Task brief: In the listing below, the lines starting with the line with "Image of a Brown/Khaki" and going on through the line with "Tuxedo creme brulee recipe with spoon" are to be reproduced exactly, and only those.

Entries supplied:
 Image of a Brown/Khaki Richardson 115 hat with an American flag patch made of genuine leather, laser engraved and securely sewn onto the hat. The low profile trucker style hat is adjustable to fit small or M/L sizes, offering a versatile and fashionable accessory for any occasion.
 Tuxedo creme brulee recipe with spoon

...

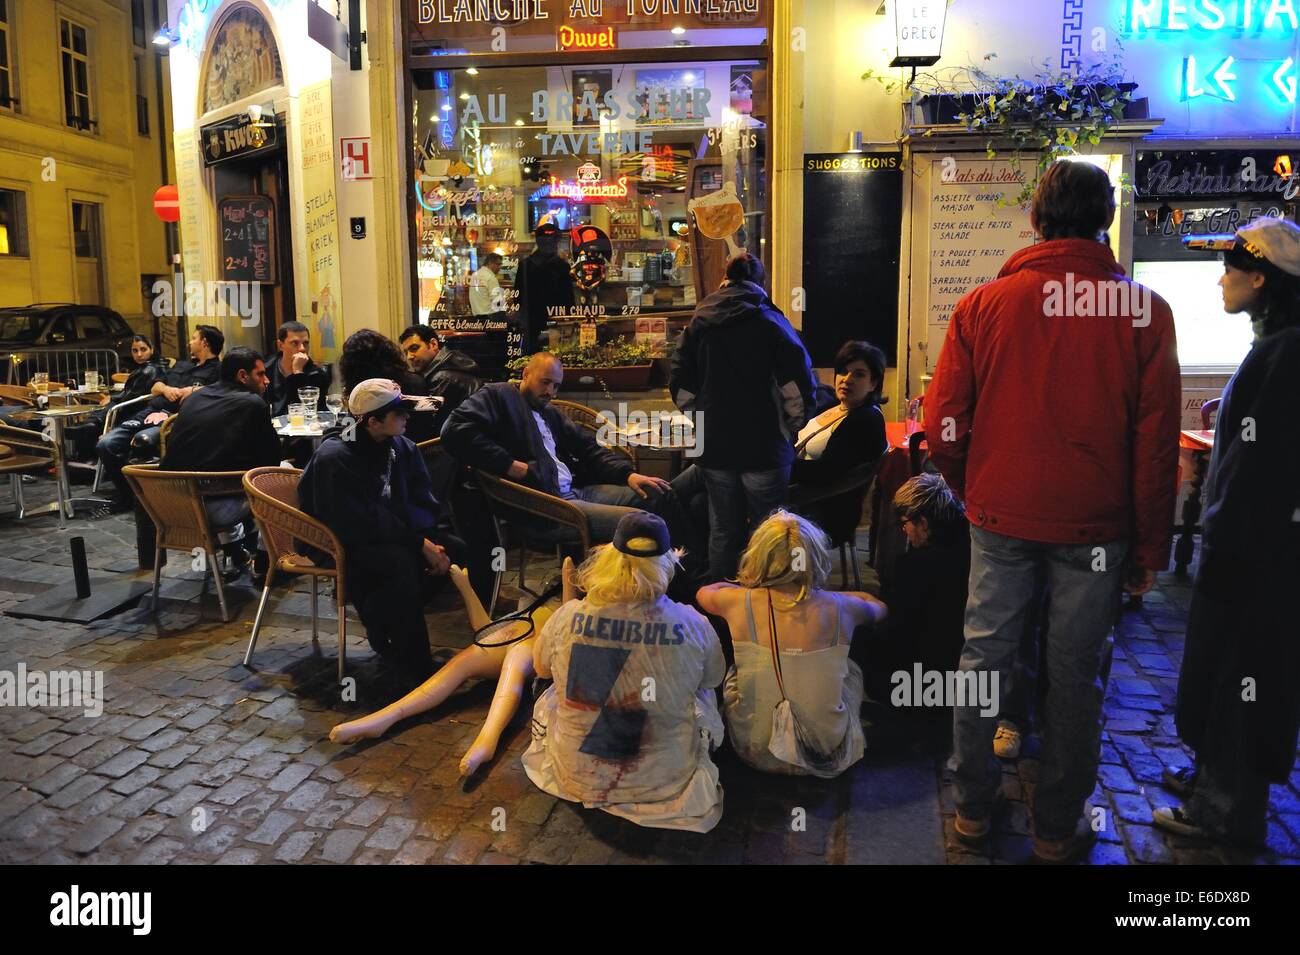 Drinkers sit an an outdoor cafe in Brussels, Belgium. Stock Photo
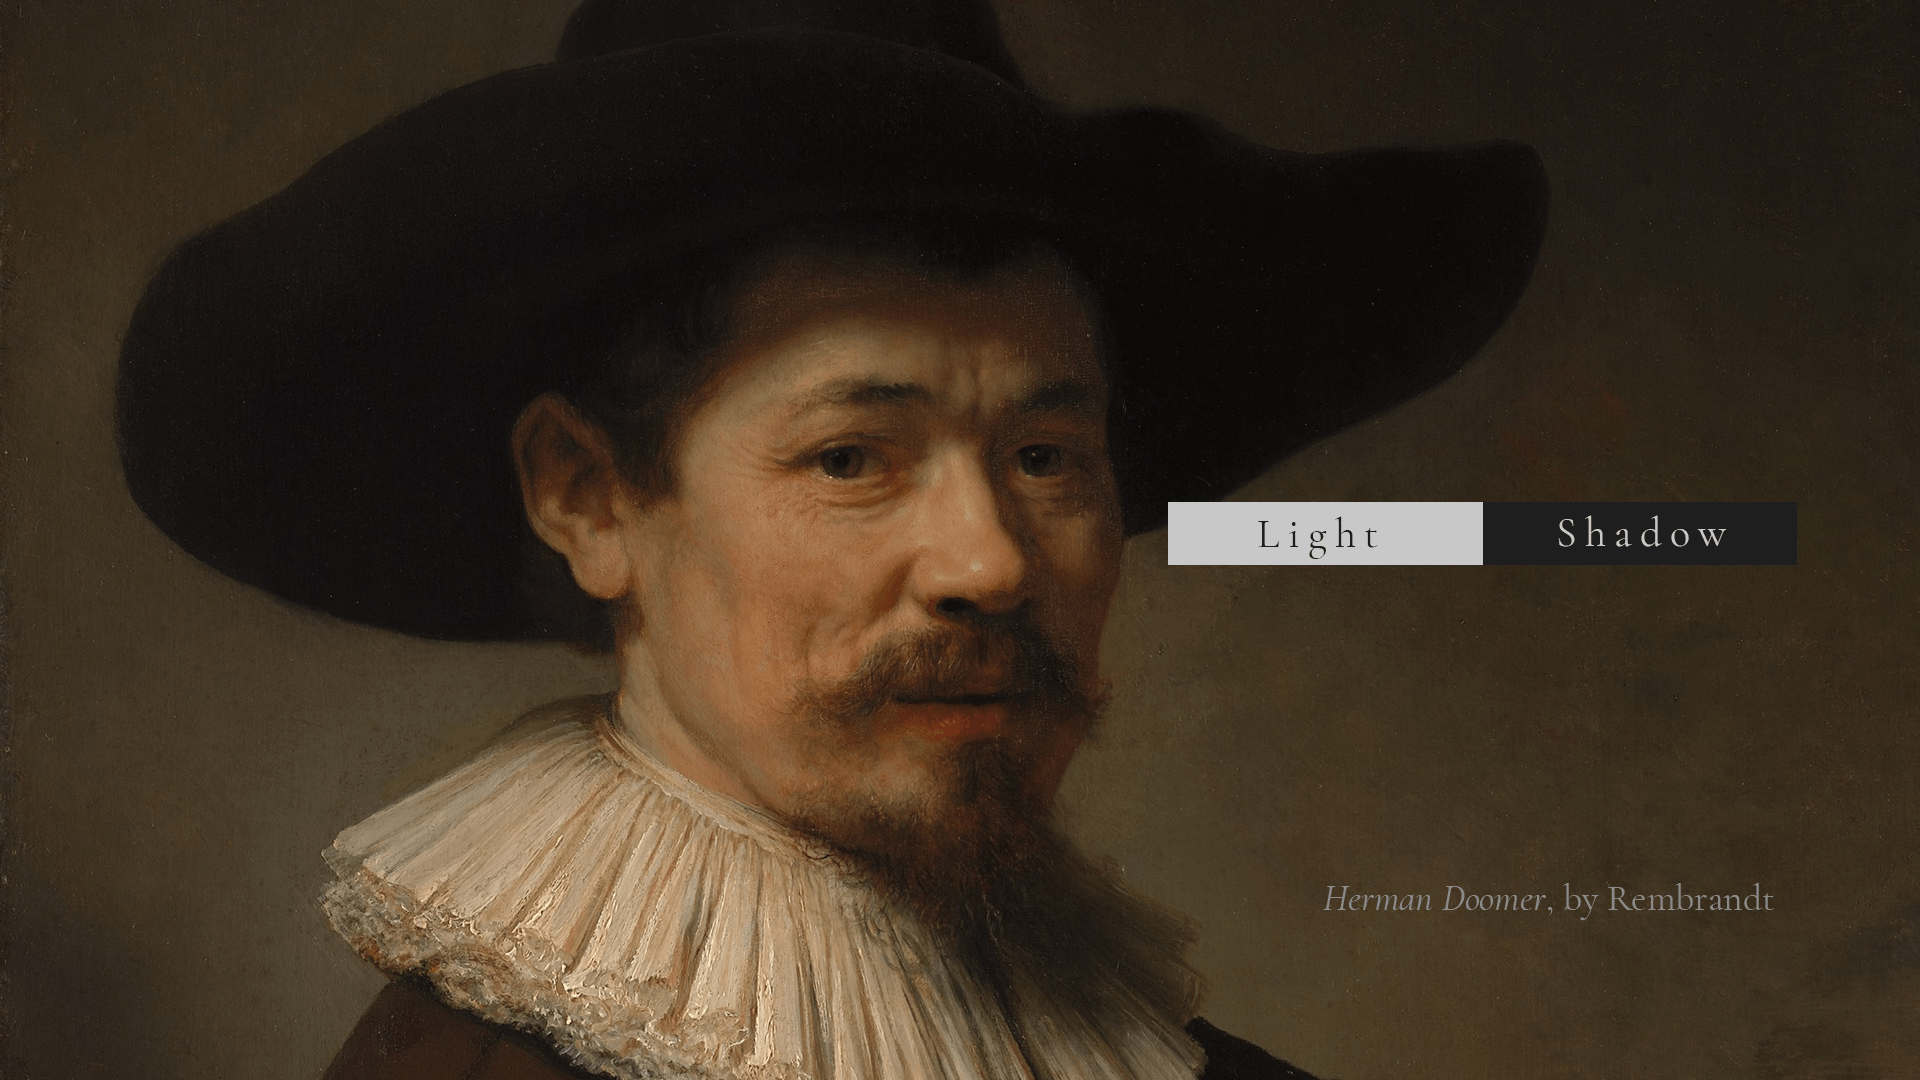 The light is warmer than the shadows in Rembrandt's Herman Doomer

Reply to the task:
 Image of a Brown/Khaki Richardson 115 hat with an American flag patch made of genuine leather, laser engraved and securely sewn onto the hat. The low profile trucker style hat is adjustable to fit small or M/L sizes, offering a versatile and fashionable accessory for any occasion.
 Tuxedo creme brulee recipe with spoon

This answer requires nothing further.